How to Deploy Valkey (the Redis Fork) on PandaStack

Valkey is the Linux Foundation's open-source fork of Redis 7.2, created after Redis changed its license in 2024. Here's how to run a self-hosted Valkey cache on PandaStack, when to use it over managed Redis, and how to connect from your app.

Ajay Kumar
Ajay Kumar
Founder & DevOps, PandaStack

In early 2024 Redis changed its license away from open source, and the community — backed by the Linux Foundation, AWS, Google, and Oracle — forked the last BSD version into Valkey (https://valkey.io). It's a drop-in fork of Redis 7.2: same RESP protocol, same commands, same client libraries. If your code talks to Redis, it talks to Valkey unchanged. This post shows you how to run Valkey on PandaStack and, importantly, when you should just use PandaStack's managed Redis instead.

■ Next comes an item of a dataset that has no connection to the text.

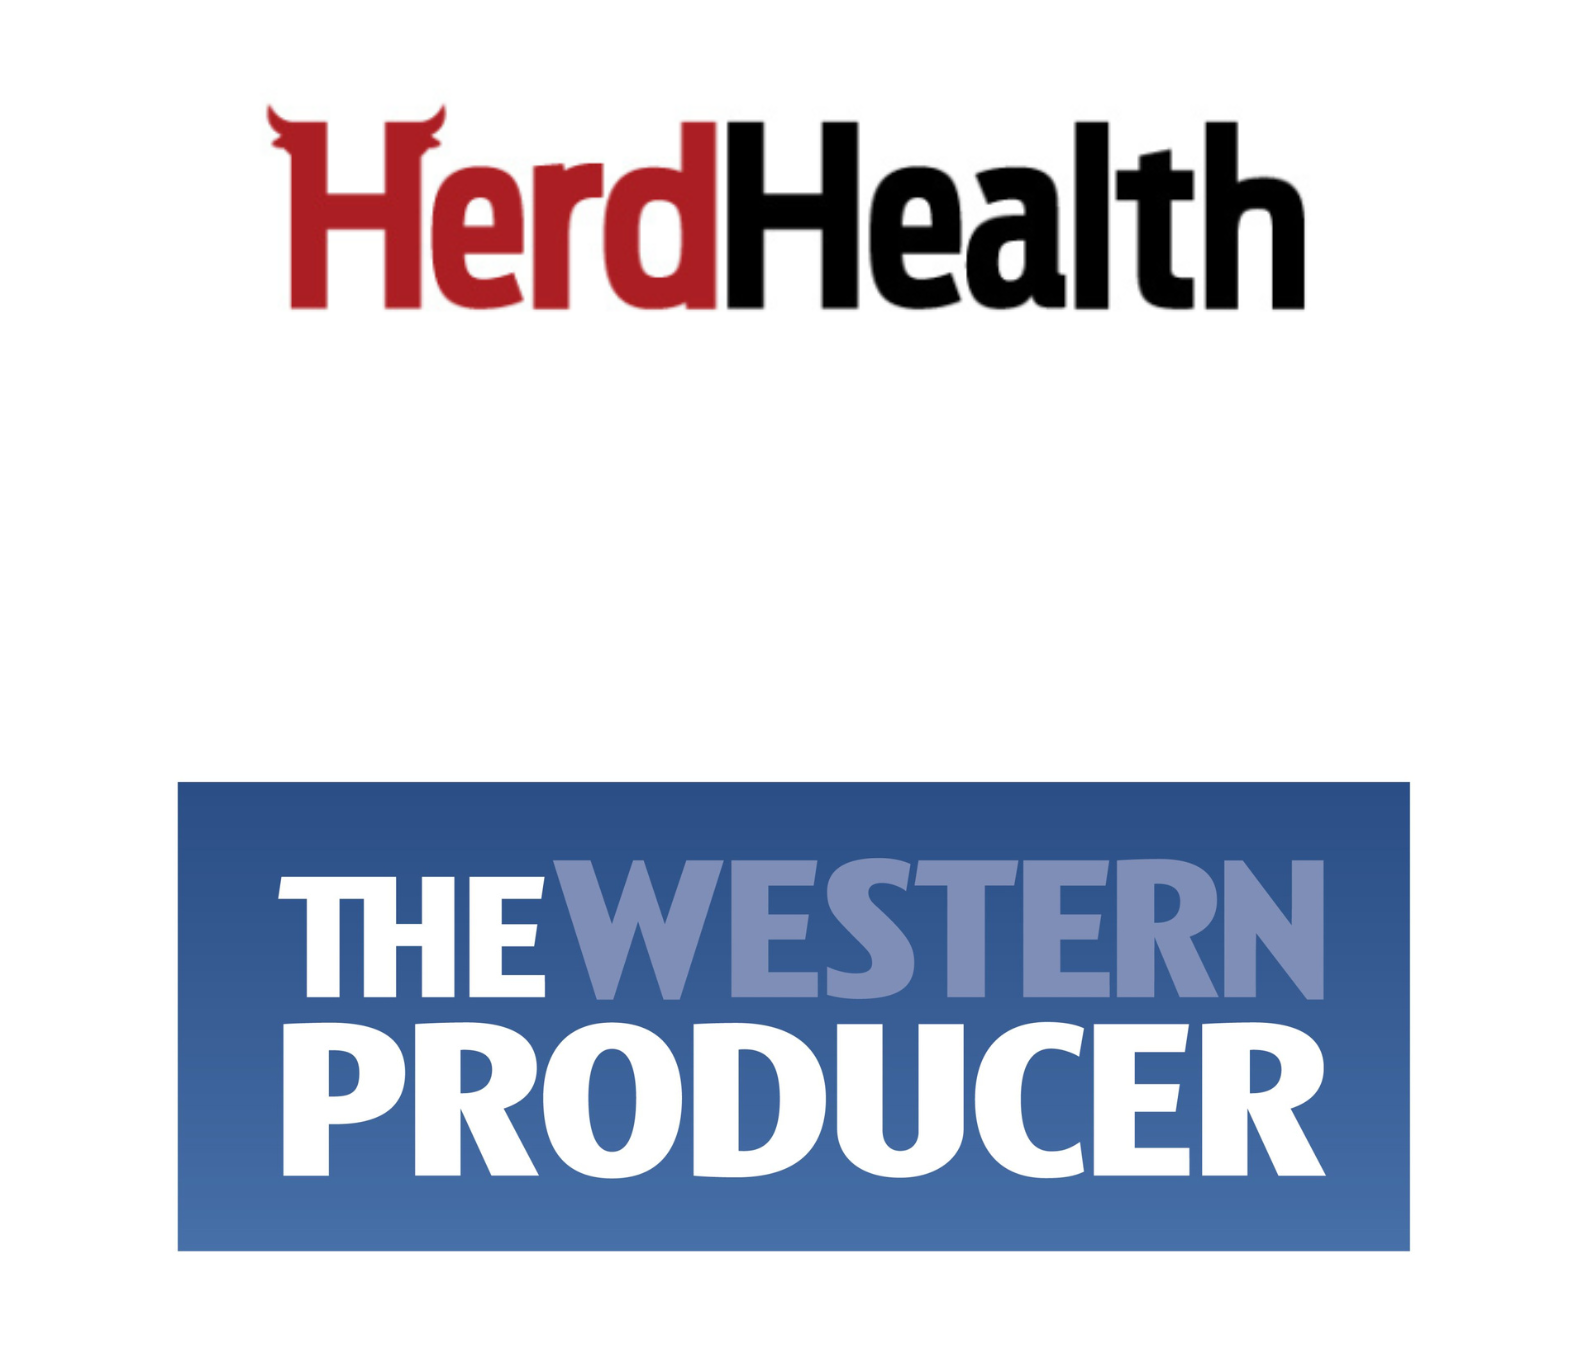 Herd Health & Western Producer

Managed Redis vs. self-hosted Valkey — decide first

PandaStack offers managed Redis as a first-class database (backups, monitoring, connection pooling, one-click creation). For 90% of caching and session needs, that's the right choice — you don't manage anything. Run Valkey as a self-hosted container when:

  • You specifically want the OSI-approved open-source license for compliance reasons.
  • You need a Valkey-only feature or module the managed Redis doesn't expose.
  • You want full control over the exact config and version.

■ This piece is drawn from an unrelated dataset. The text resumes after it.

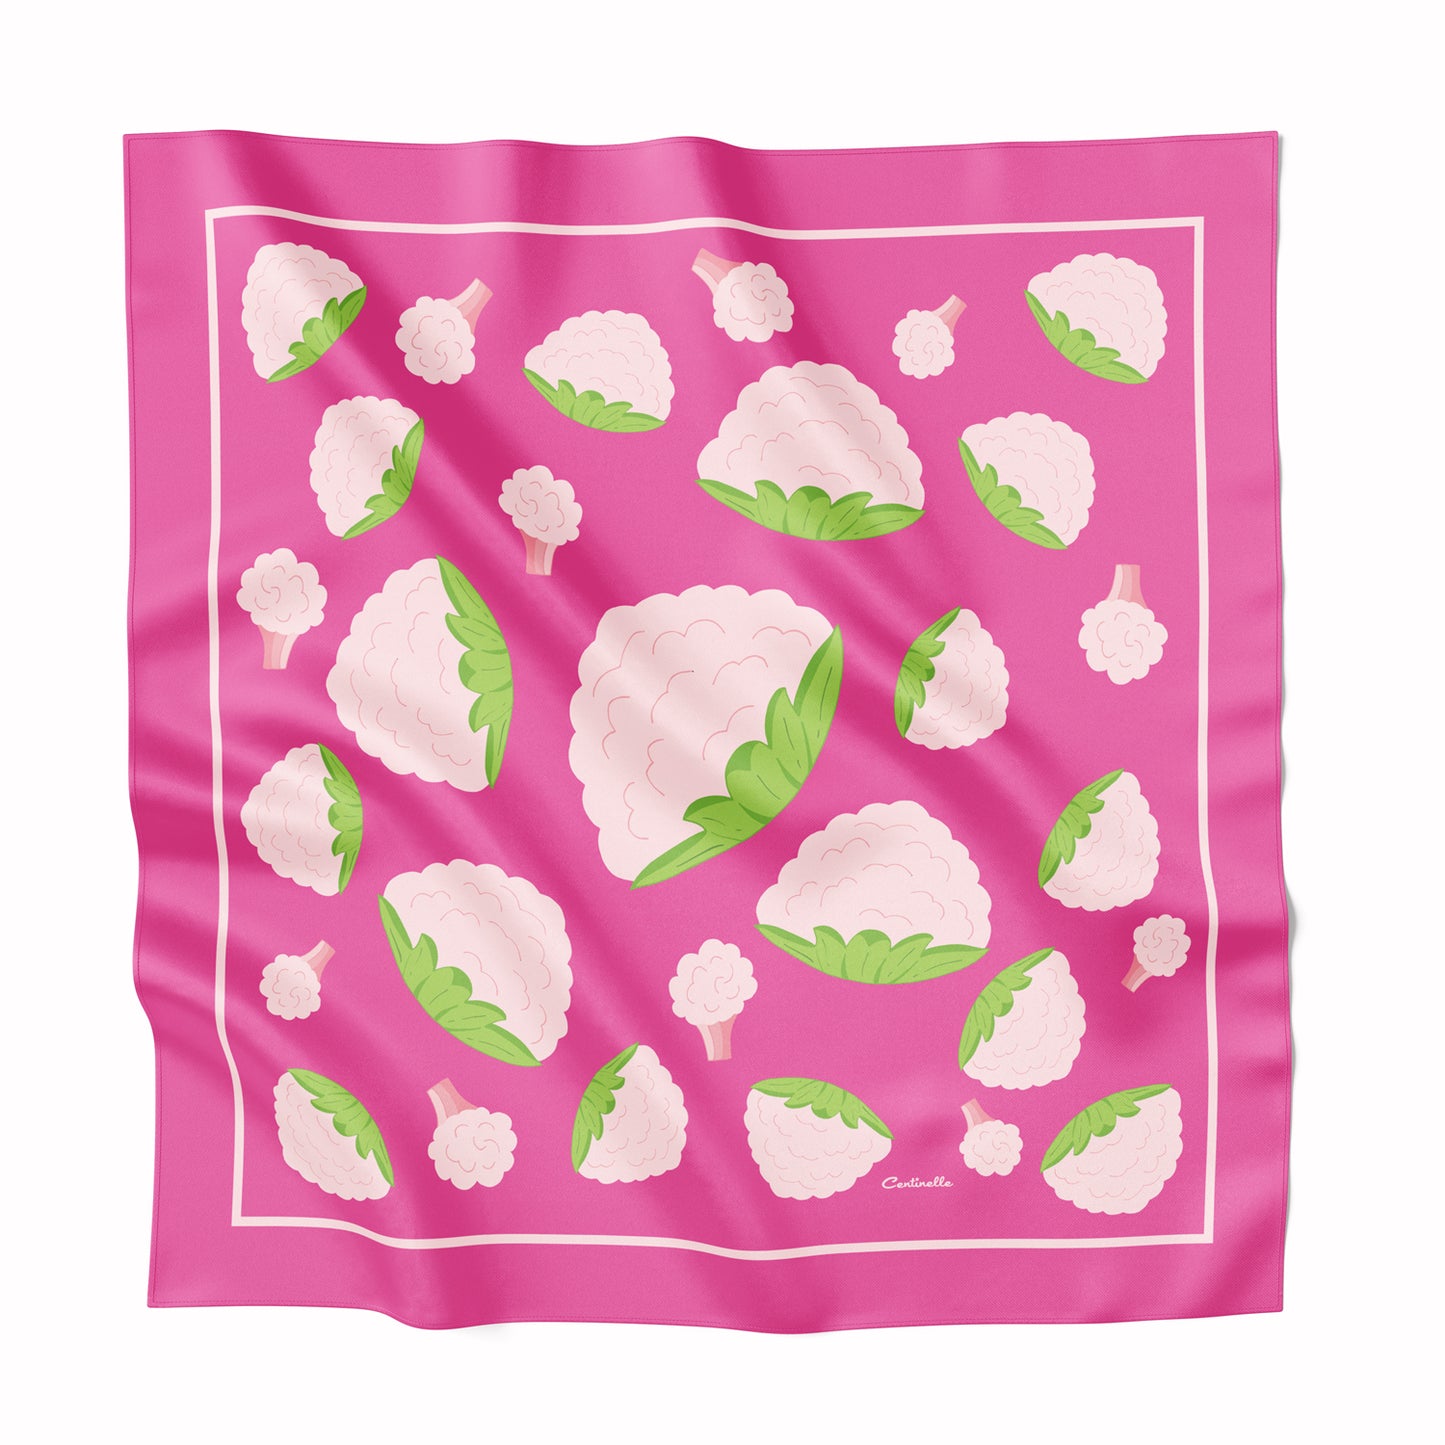 Cauliflower on a hot pink silk scarf.

If none of those apply, create a managed Redis and skip to "connecting from your app." No shame in the easy path.

Step 1: Dockerfile

Valkey ships an official image, valkey/valkey. The main decision is persistence: a pure cache needs none, but if you use Valkey as a job queue or store anything you'd miss, enable AOF (append-only file) on a volume.

FROM valkey/valkey:8-alpine

# Config supplied at runtime; data (if persisted) on a volume at /data
EXPOSE 6379

CMD ["valkey-server", \
     "--appendonly", "yes", \
     "--dir", "/data", \
     "--requirepass", "$VALKEY_PASSWORD", \
     "--maxmemory", "256mb", \
     "--maxmemory-policy", "allkeys-lru"]

As with SurrealDB, the exec-form CMD won't expand $VALKEY_PASSWORD. Use a shell entrypoint:

FROM valkey/valkey:8-alpine
EXPOSE 6379
COPY start.sh /start.sh
ENTRYPOINT ["/bin/sh", "/start.sh"]
# start.sh
#!/bin/sh
exec valkey-server \
  --appendonly yes \
  --dir /data \
  --requirepass "$VALKEY_PASSWORD" \
  --maxmemory 256mb \
  --maxmemory-policy allkeys-lru

allkeys-lru evicts least-recently-used keys when memory fills — the sane default for a cache. If you're using it as a durable queue, use noeviction instead so it never silently drops data.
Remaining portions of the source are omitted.